Final answer:
To multiply ((4/9)y² - (1/4))² using the binomial squares pattern, you find A² as (16/81)y⁴, 2AB as (4/9)y², and B² as 1/16. Combine these to get the final result: (16/81)y⁴ - (4/9)y² + 1/16.
Step-by-step explanation:
To multiply ((4/9)y² - (1/4))² using the binomial squares pattern, we need to recognize that this expression is a perfect square binomial, which means it takes the form of (A - B)². The binomial squares pattern tells us that (A - B)² equals A² - 2AB + B². Applying this to our expression, let A = (4/9)y² and B = (1/4).

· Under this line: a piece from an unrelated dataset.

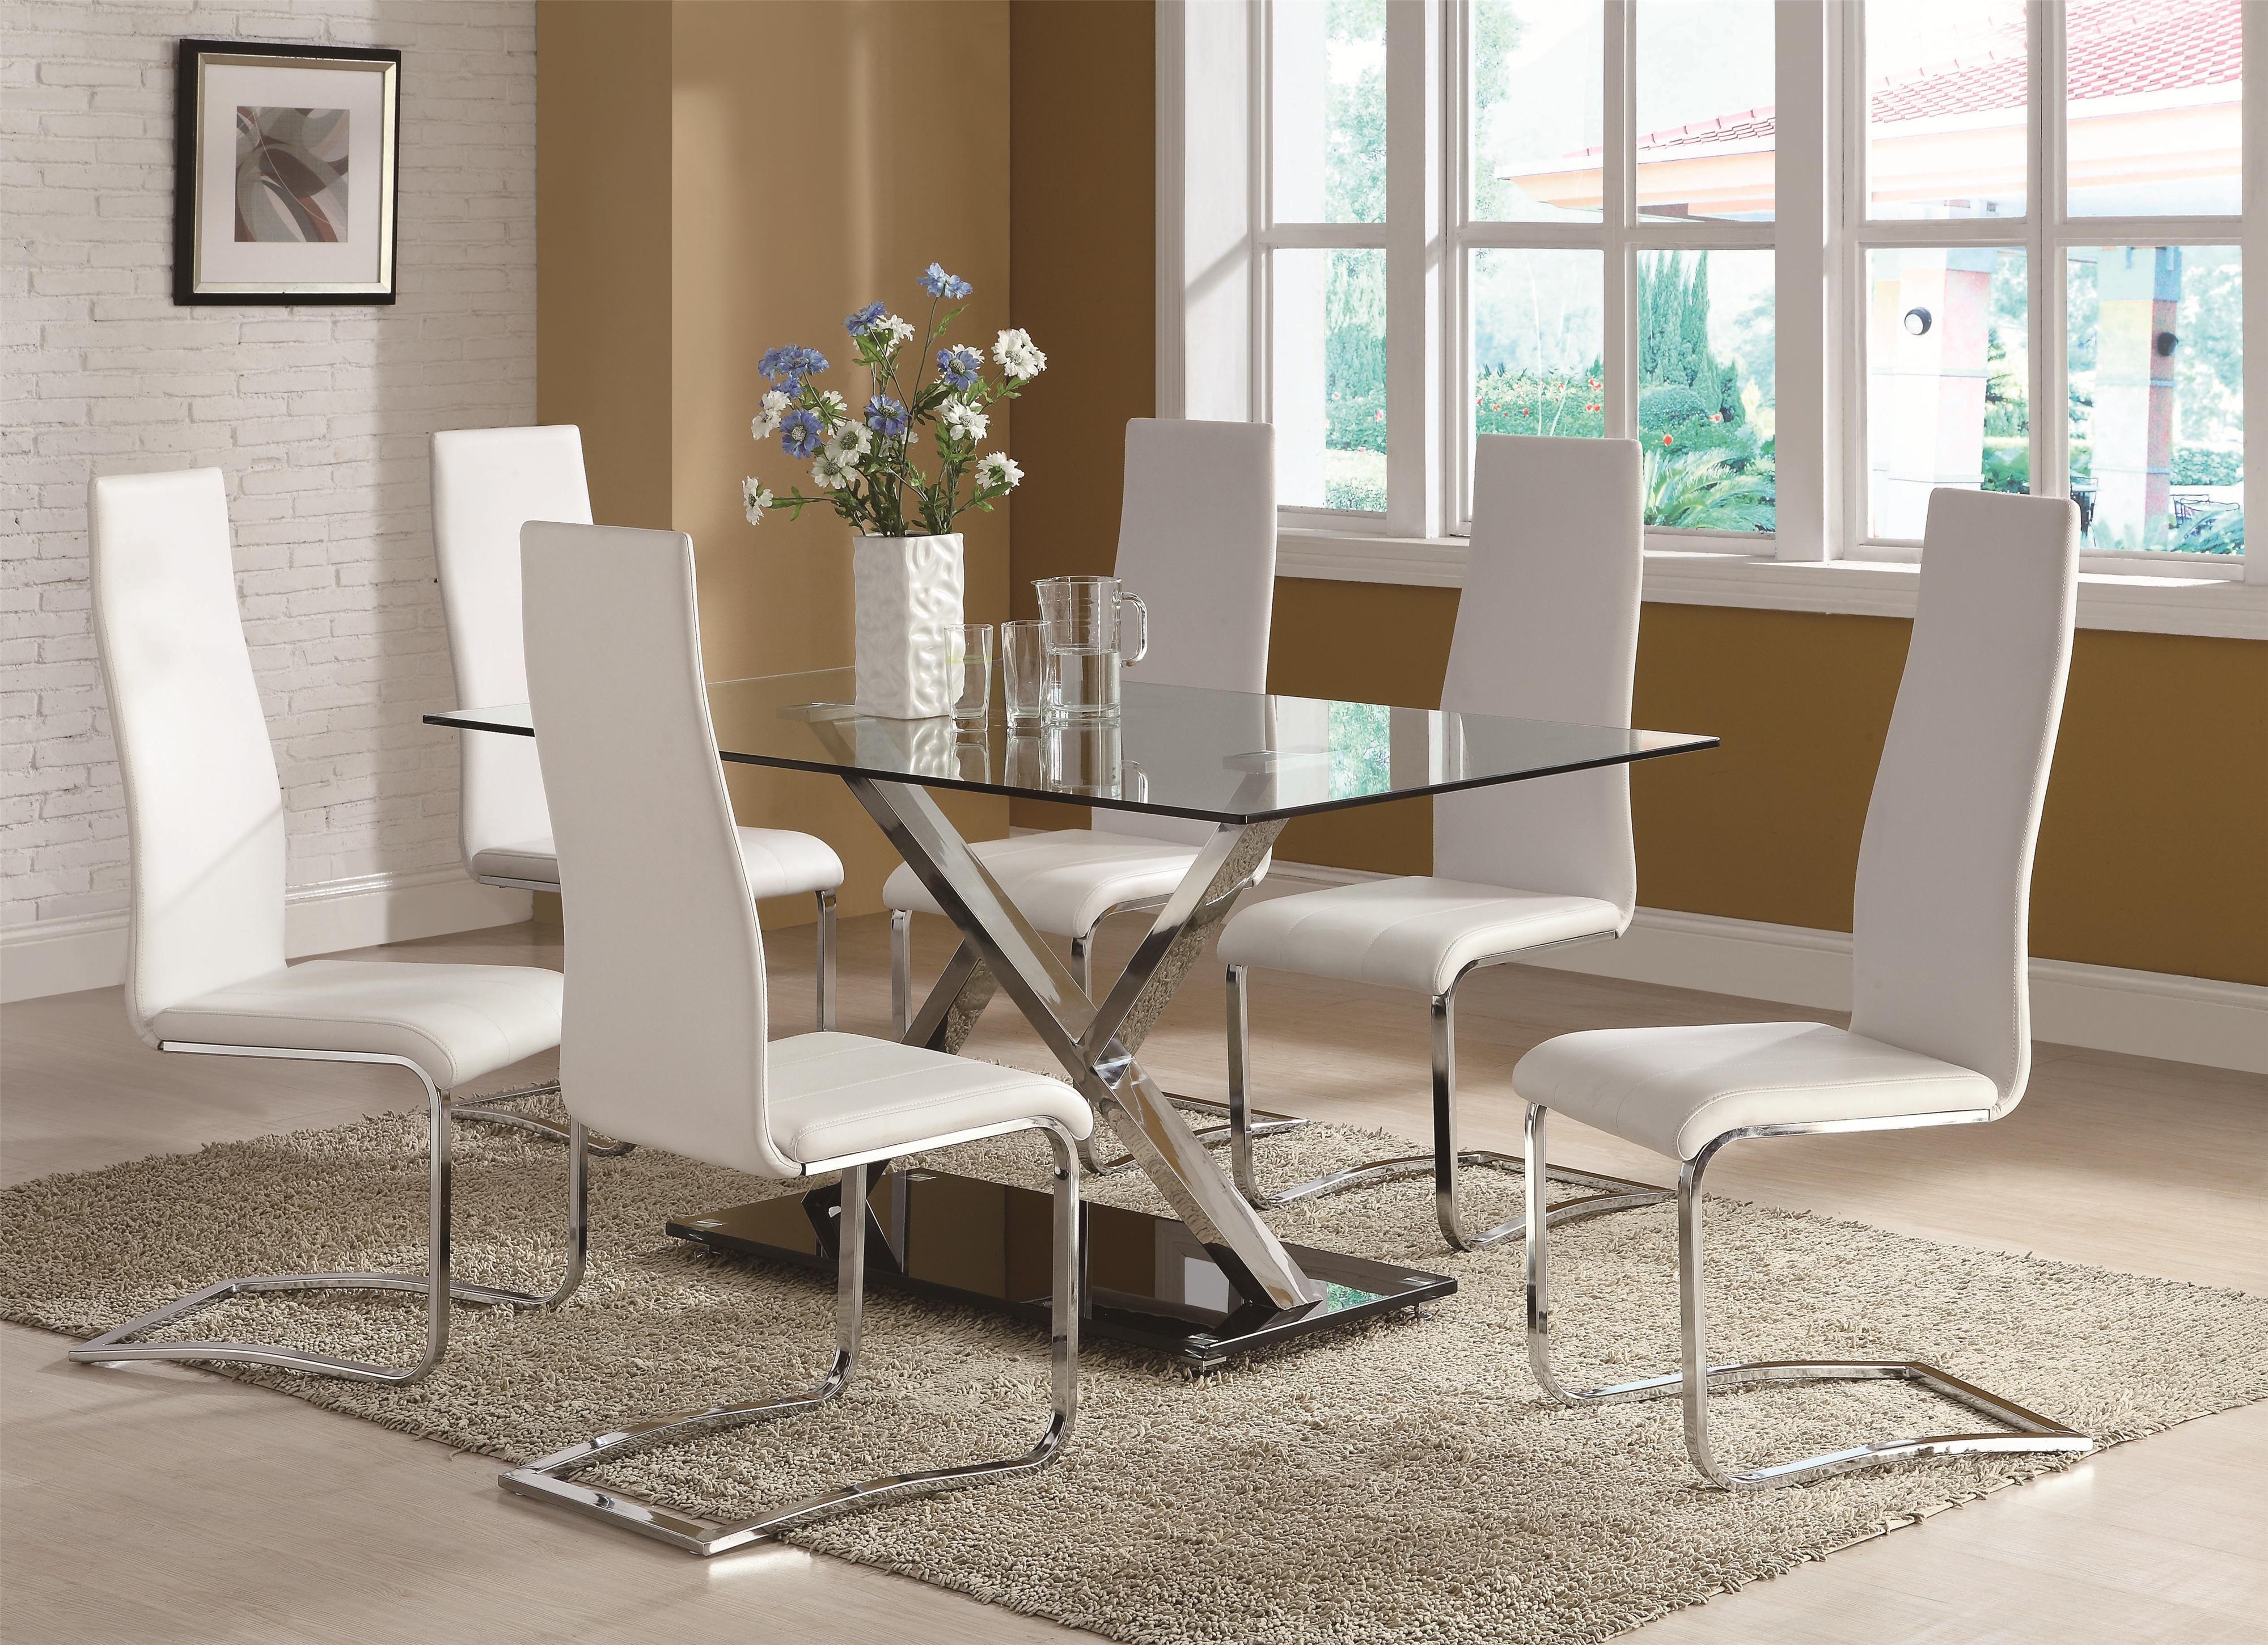 Wood Modern Dining Room Ideas Interior Design Inspiration

First, we square A to get A²: ((4/9)y²)² = (4/9)² * (y²)² = 16/81 * y⁴.
Next, we find 2AB: 2 * (4/9)y² * (1/4) = (8/36)y² = (2/9)y².
Finally, we square B to get B²: ((1/4))² = 1/16.
Now, we combine these three results to get the final expression: (16/81)y⁴ - 2*((2/9)y²) + 1/16. Simplifying the middle term 2*((2/9)y²) gives (4/9)y², and the entire expression simplifies to (16/81)y⁴ - (4/9)y² + 1/16.